Exercise goal - Return all of the data exactly, with nothing left out but the pictures.

Information provided -

● ● ● ● ● ● ●

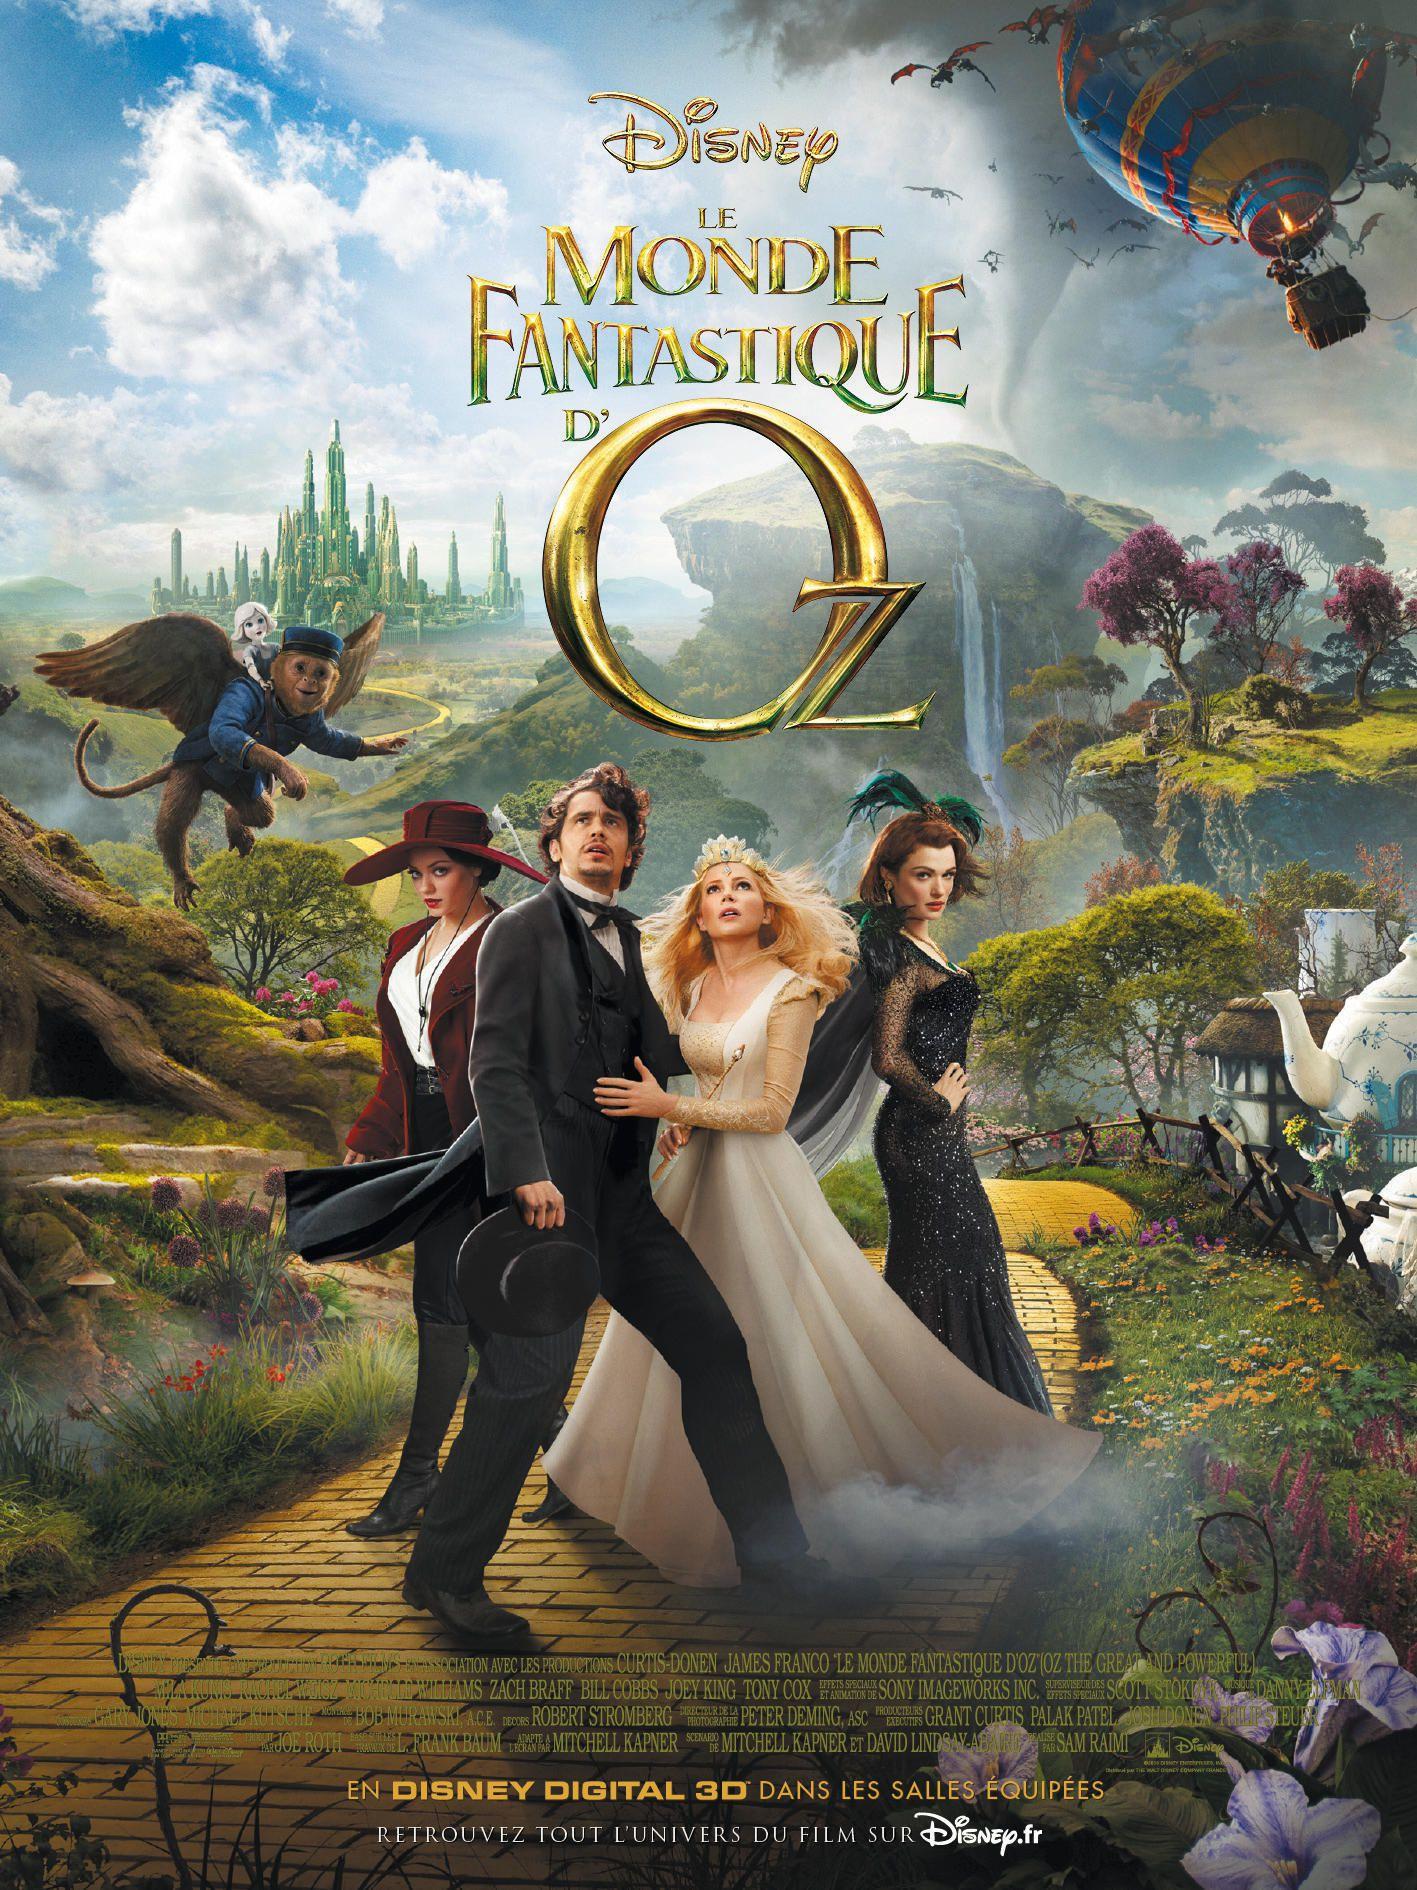 Le Monde fantastique d'Oz - Film (2013)
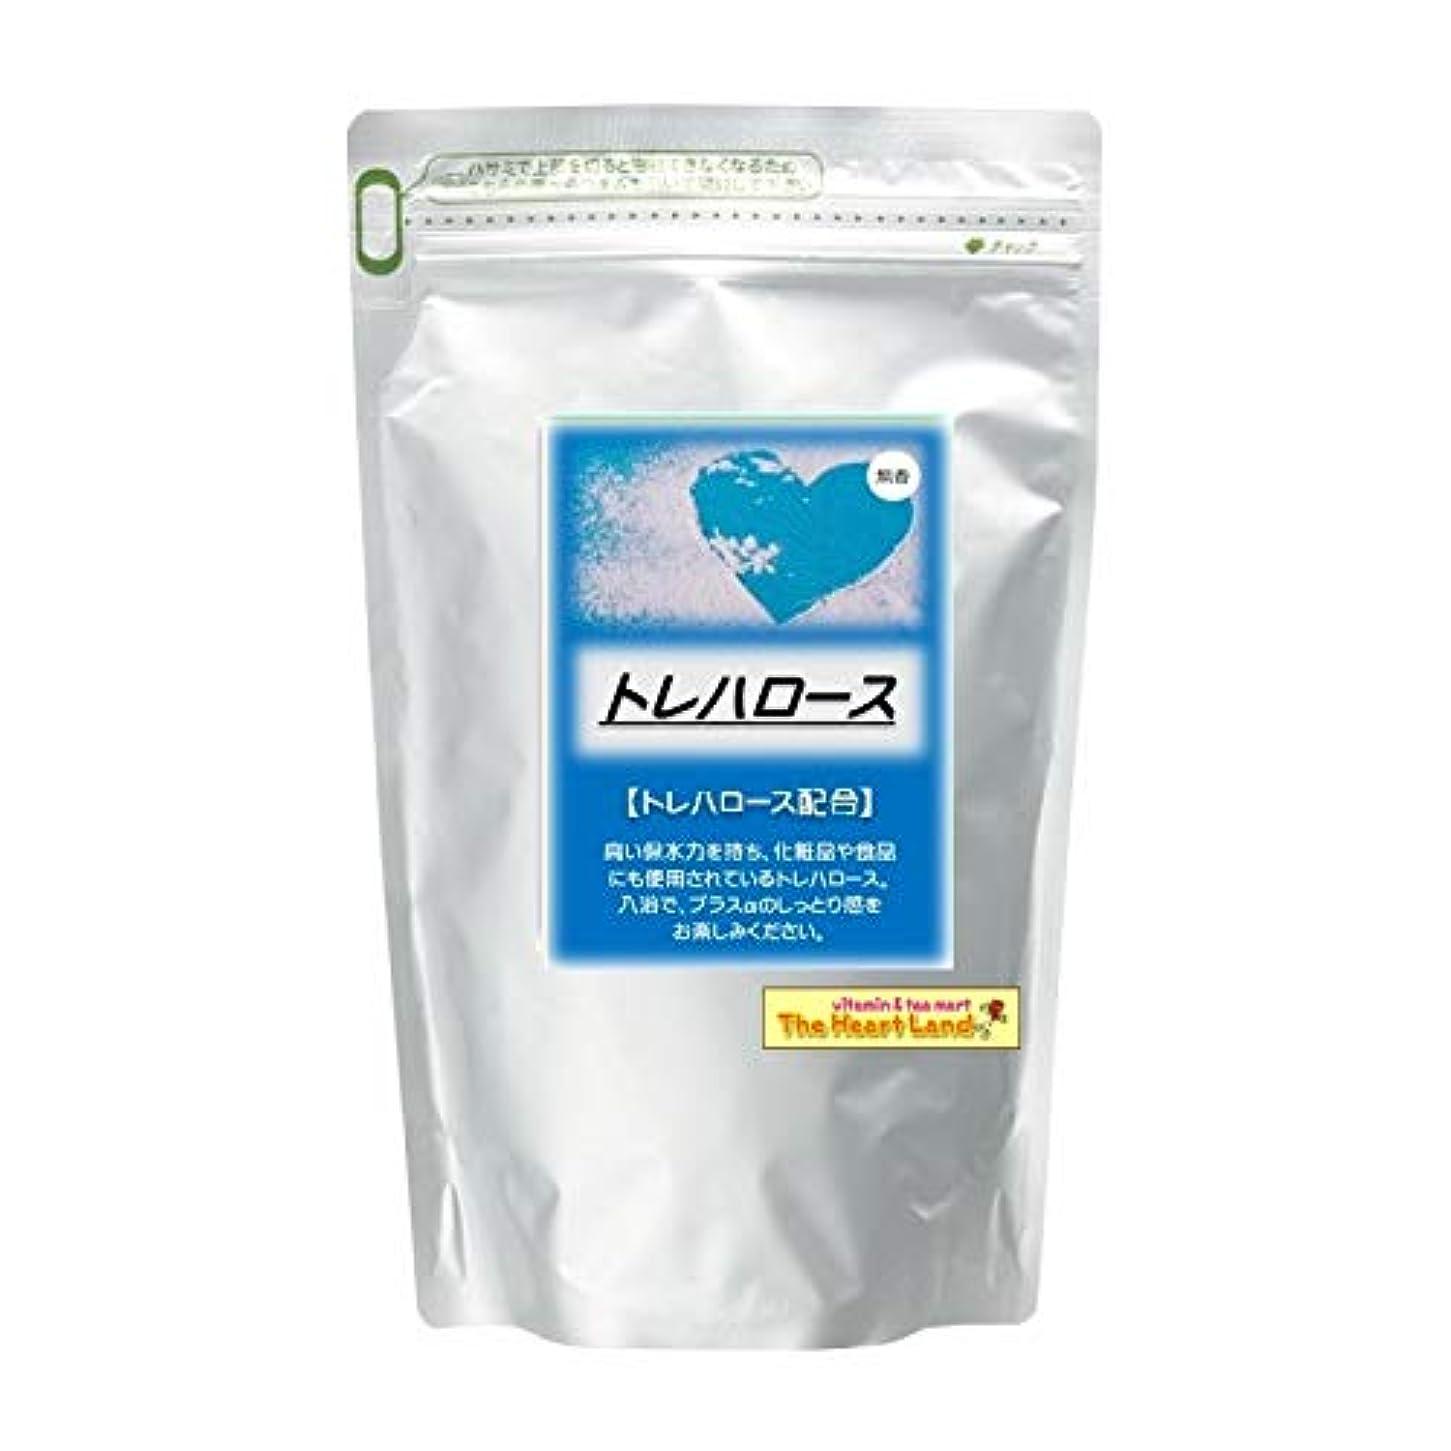 アサヒ入浴剤 浴用入浴化粧品 トレハロース 2.5kg
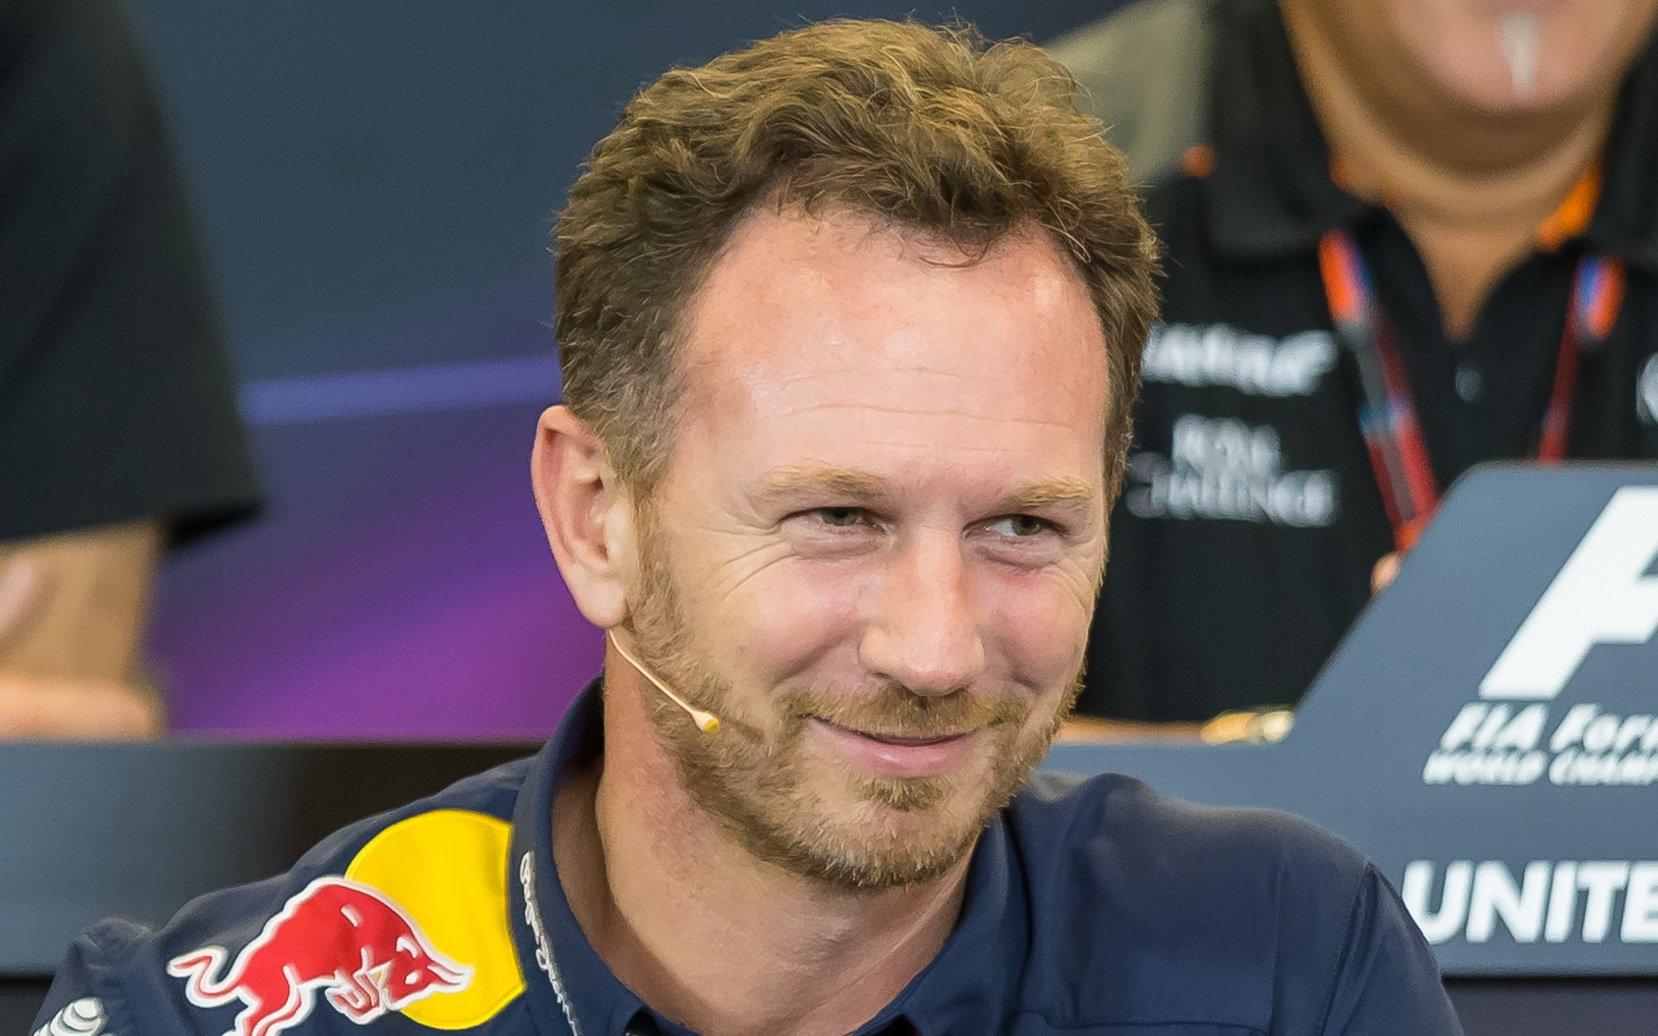 Co letos očekává Horner? Opět vítězný Mercedes a zlepšení Hondy - anotační foto

● ● ● ● ● ● ●

The completed task -
 Le Monde fantastique d'Oz - Film (2013)
 アサヒ入浴剤 浴用入浴化粧品 トレハロース 2.5kg
 Co letos očekává Horner? Opět vítězný Mercedes a zlepšení Hondy - anotační foto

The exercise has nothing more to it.